She also considered — for the first time, according to her own account — the lack of rural representation on the U.S. Supreme Court.

Here is the transcript of the exchange on two key rural issues:

Political Mercury: Right now, the composition of the U.S. Supreme Court, there’s nobody on the court from rural America, there’s nobody with any rural bona fides and connection. I think Clarence Thomas spent a little time in rural Georgia when he was younger. But nobody from rural America, and yet we’re going to have many decisions involving the environment very likely in the next 20-30 years.

Oftentimes, when appointees are looked at, they’re looked at through the litmus test of where they’re at on abortion, male, female, gender, race. Do you think it’s a problem for our country that there’s nobody among those nine justices who grew up in a place like this, who has a natural rural instinct or orientation?

Hillary Clinton: No one has ever asked me that before. I’ve never been asked to think about that. Here’s what I would say: I think our Supreme Court is strongest when it really does represent the broadest possible American experience.

We do have on the district courts, the courts of appeal, a much broader cross-section of people from all different walks of life and geographies.

I don’t know how to answer, other than to say we need the broadest possible experience, and the rural experience is part of being broadly representative of America.

I’m going to be rolling out a rural-development agenda in this campaign. I care deeply about what happens in rural America, just like I did when I represented New York.

I stay in very close touch with (Secretary of Agriculture) Tom Vilsack.
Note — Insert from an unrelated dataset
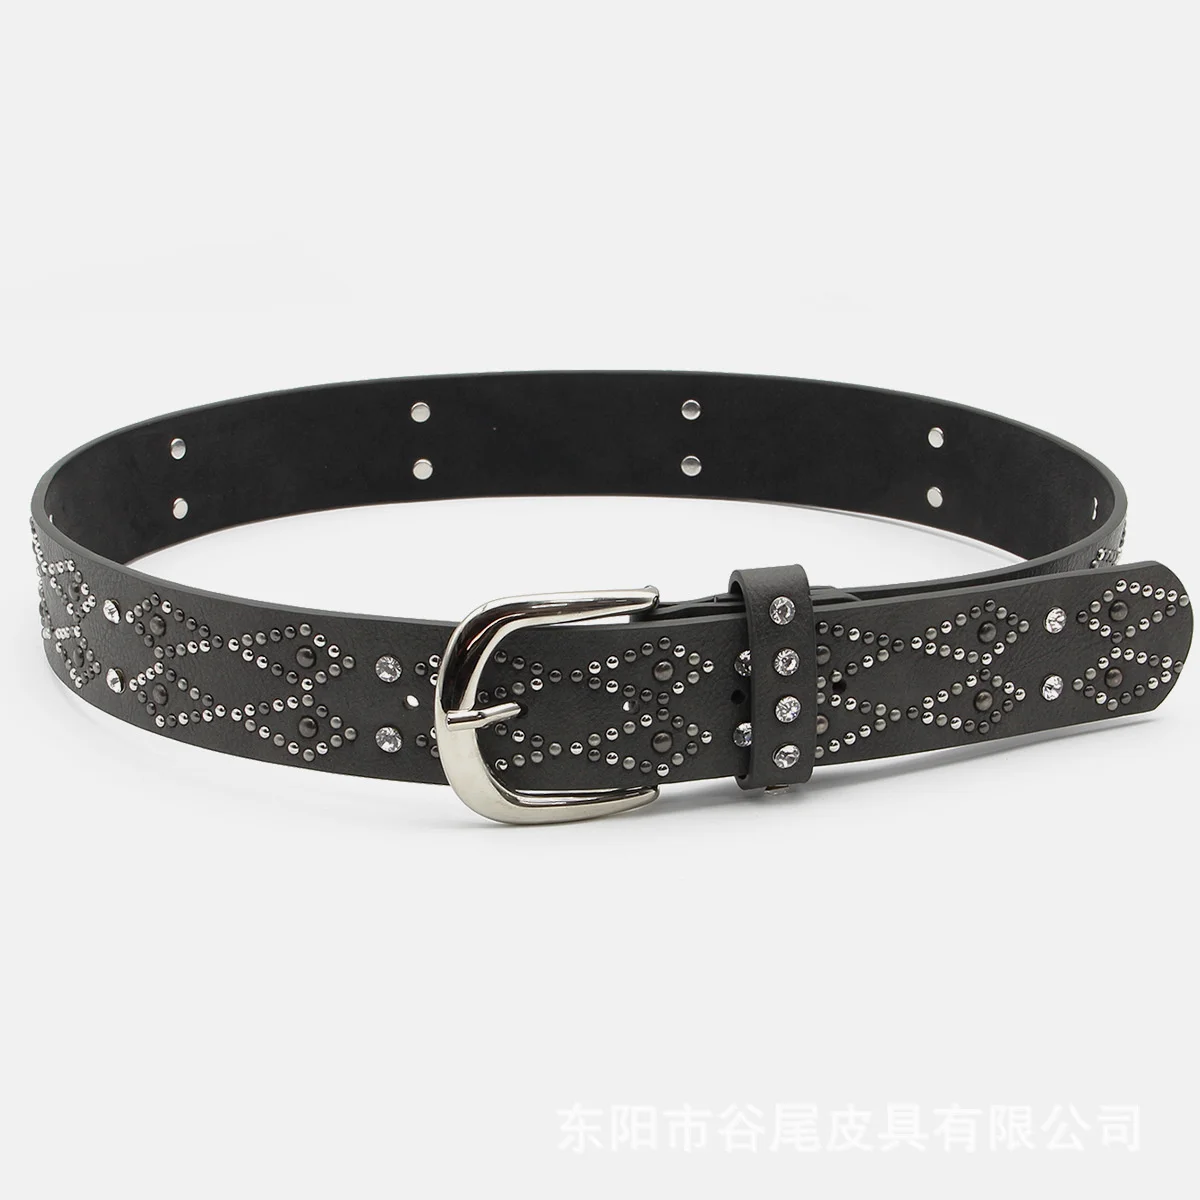 Women's belt dark gray PU leather rhinestone rivet inlaid with punk style boutique belt
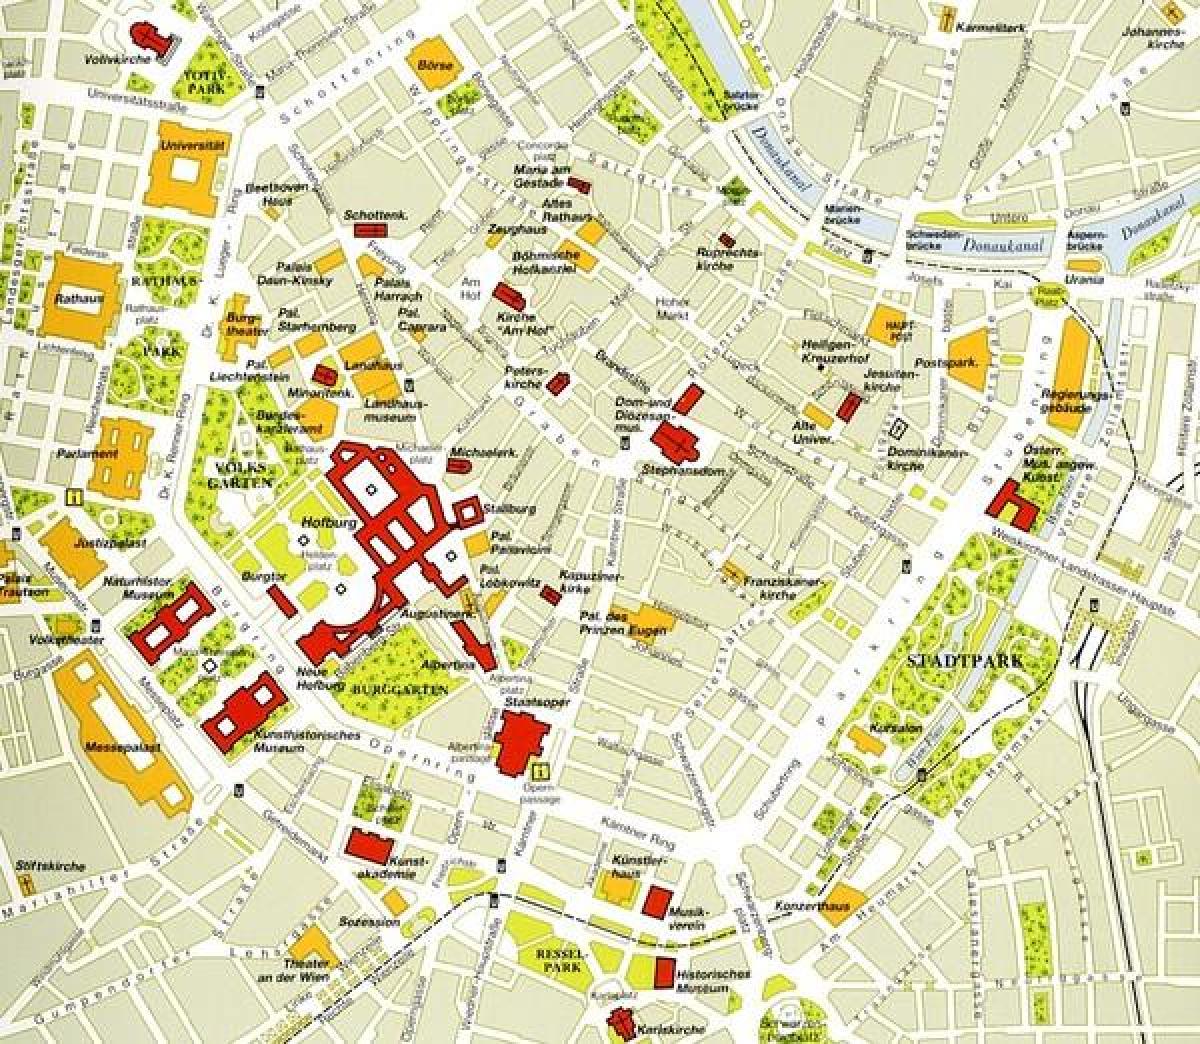 Viena centre històric mapa

He’s doing some of the most-creative, smart work through the Department of Agriculture, about how to incentivize developments in rural America.
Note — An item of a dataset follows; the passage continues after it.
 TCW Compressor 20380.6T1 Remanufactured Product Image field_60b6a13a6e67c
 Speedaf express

Political Mercury: As you point out in your book “Hard Choices,”  you’ve logged extensive miles traveling the world. As you travel Iowa — today you came from Ames along Highway 30, saw the new casino and other things — as you’re driving and you recall some of these trips overseas, does it spark any ideas, Mrs. Secretary, in terms of potential trade opportunities or ideas for agriculture, links maybe that we’re not pursuing that you think we could?
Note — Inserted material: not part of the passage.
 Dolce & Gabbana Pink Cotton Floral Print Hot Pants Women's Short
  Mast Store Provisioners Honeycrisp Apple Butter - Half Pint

Hillary Clinton: That’s a great question. When I was a senator from New York, as you may know, at that time the second-biggest industry in New York was agriculture. I think it’s dropped to three or four now, but it was mostly dairy and fruits and vegetables. We have a lot of small towns that are very reminiscent of what I see as I drive around Iowa.

I worked hard to create a system to help small businesses put their business on the Internet. This was back in 2001 to 2006, and we worked with eBay. We helped to build websites. We really worked to try to connect our small towns and businesses to the global marketplace. So I think there still is a great opportunity.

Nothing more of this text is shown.